Berandalan Sekolah Jatuh Cinta

Berandalan Sekolah Jatuh Cinta
Karena Mencintainya


__ADS_3

Kejadian kemarin malam sudah mereka lupakan, karena yang terpenting tidak ada barang yang hilang. Besok pagi nya pasangan kekasih itu sudah bersiap akan berangkat ke suatu daerah pantai yang jaraknya lumayan jauh dari posisi hotel itu.


"Kamu sudah gak ngambek lagi kan sama aku?" tanya Dilon menoleh sekilas lalu kembali fokus menyetir.


Olivia pun ikut menolehkan kepala. "Enggak, kemarin itu aku lagi haid hari pertama jadi bad mood terus bawaannya," jawab nya.


"Oh pantesan, aku kira kenapa," gumam Dilon yang bernafas lega sendiri mendengar nya.

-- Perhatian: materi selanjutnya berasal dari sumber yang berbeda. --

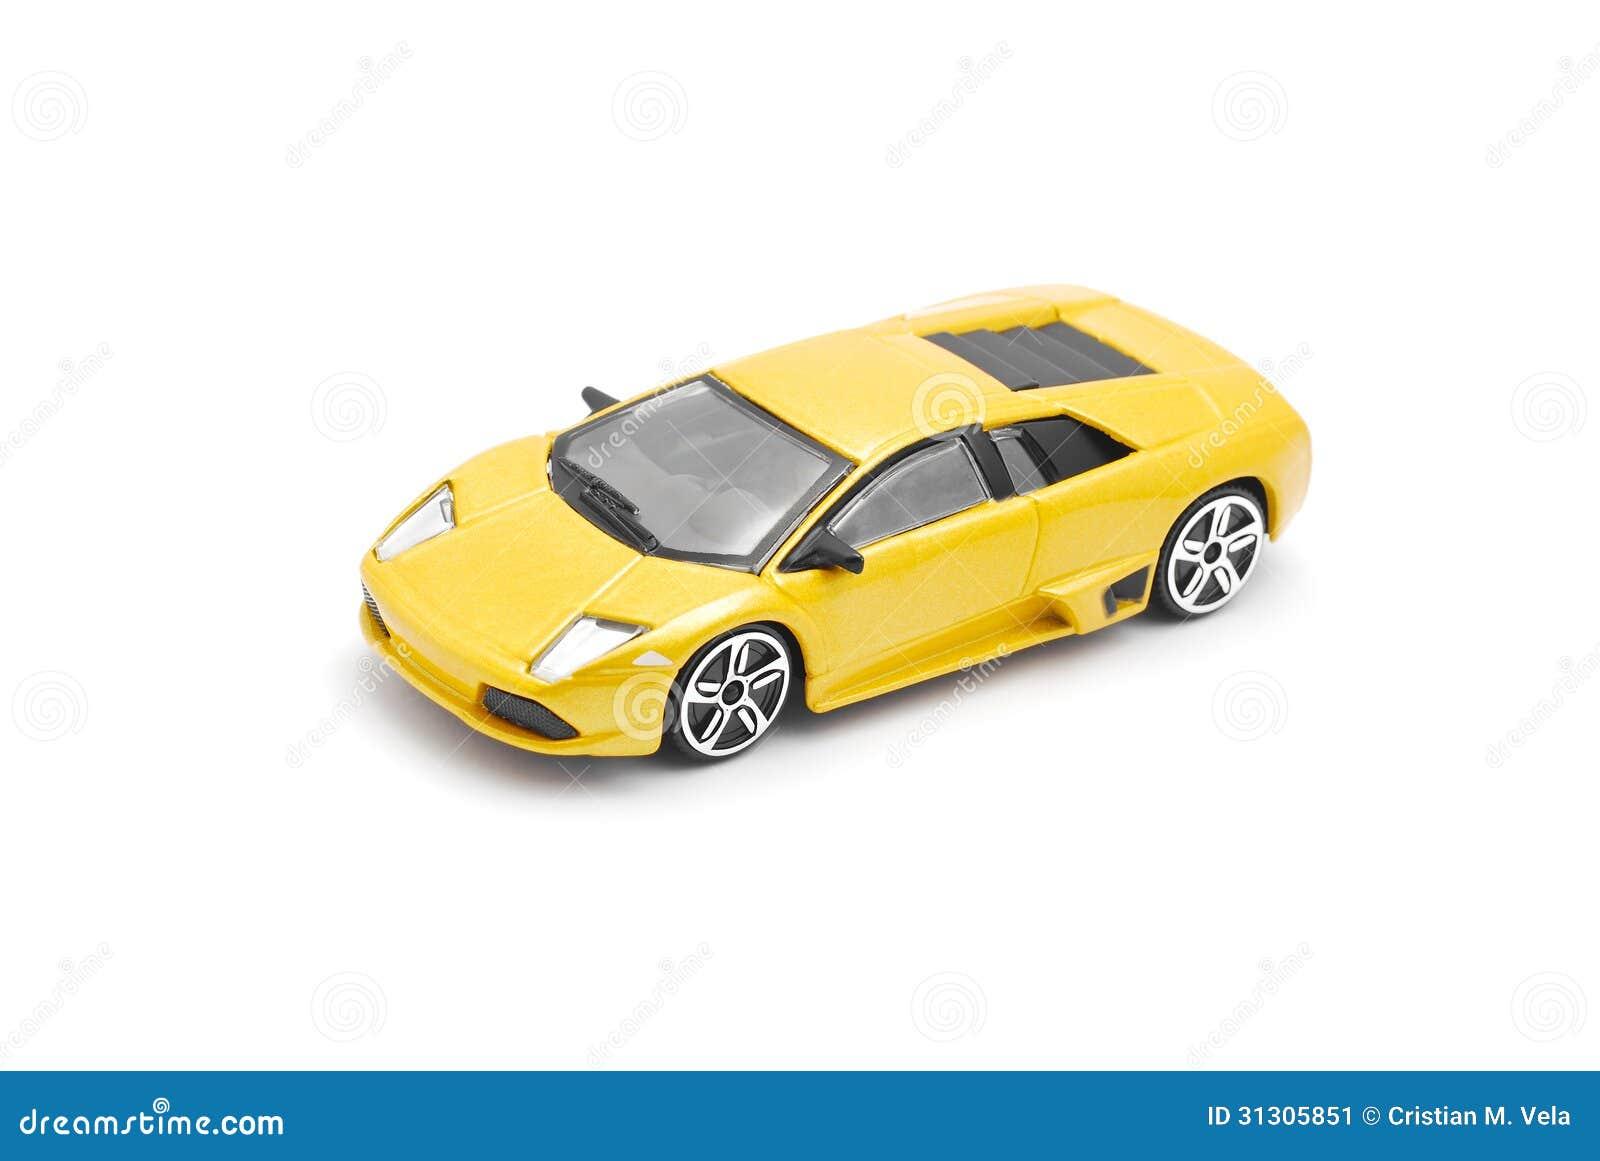 plan toys sports car black ametuer sex. Black Bedroom Furniture Sets. Home Design Ideas
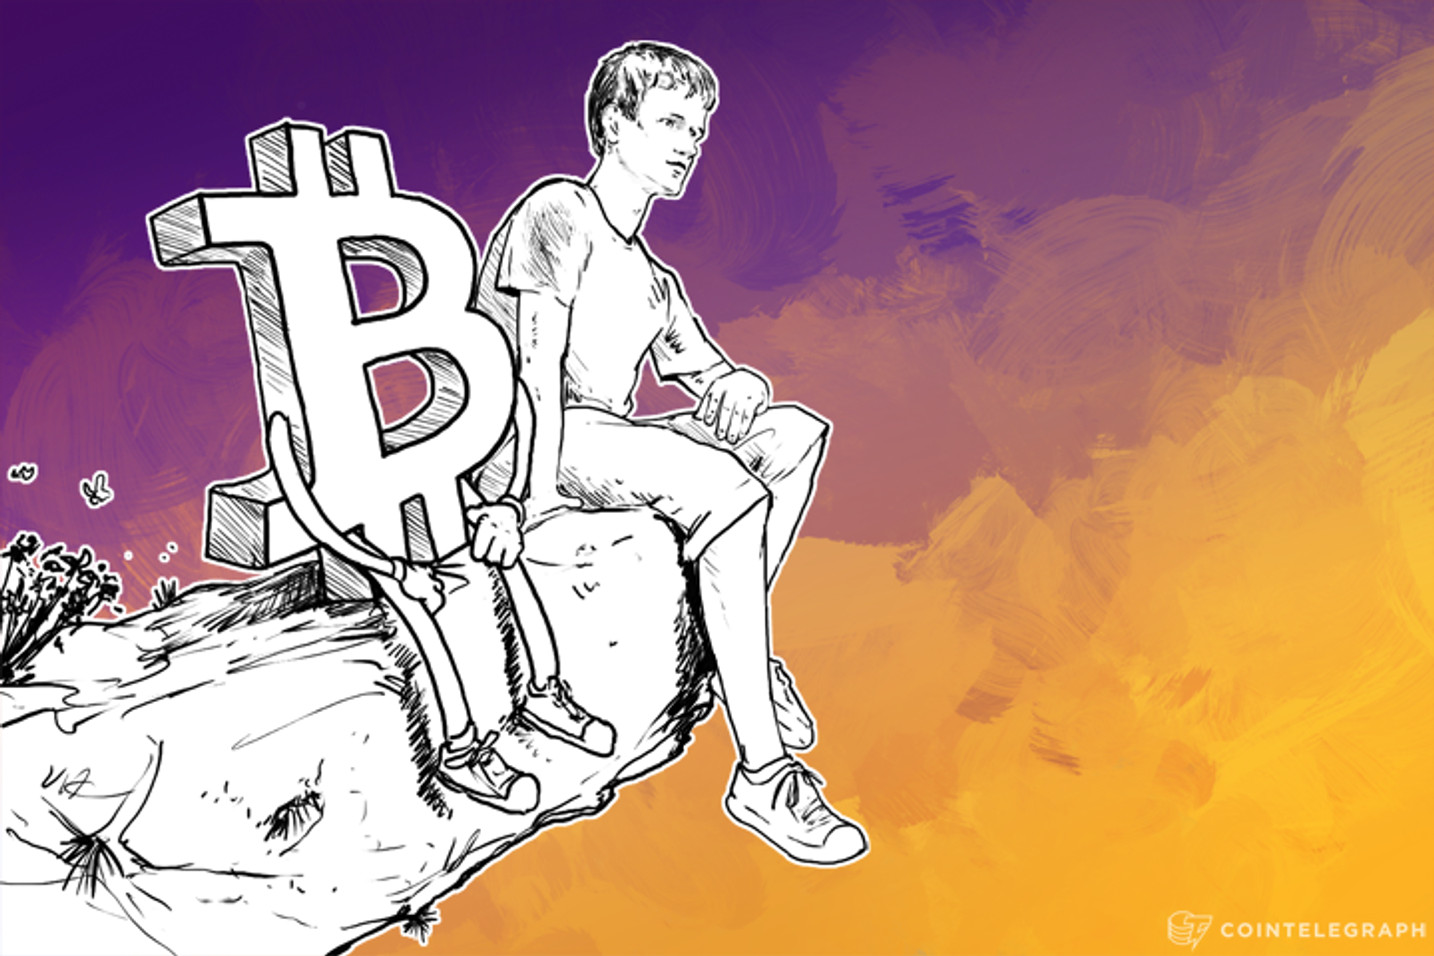 Vitalik Buterin Challenges the Idea of 'Bitcoin Dominance Maximalism' (Op-Ed)

Menelusuri jalanan di Yogyakarta di pagi hari cukup menyenangkan karena mata di manjakan oleh banyaknya tempat indah. Keputusan mereka liburan kesini pun tidak salah, walau ini bukan pertama kali.


Sepanjang perjalanan diiringi musik yang menemani agar membuat tidak ngantuk, namun tetap saja Olivia yang bosan tertidur. Dilon yang melihatnya hanya tersenyum, lalu sedikit mengecilkan volume musik nya.


Karena perjalanan menempuh satu jam an lebih, jadi Dilon pun tidak masalah yang menyetir. Sesampai nya di hotel tempat mereka menginap baru, Ia pun baru membangunkan pacar nya itu.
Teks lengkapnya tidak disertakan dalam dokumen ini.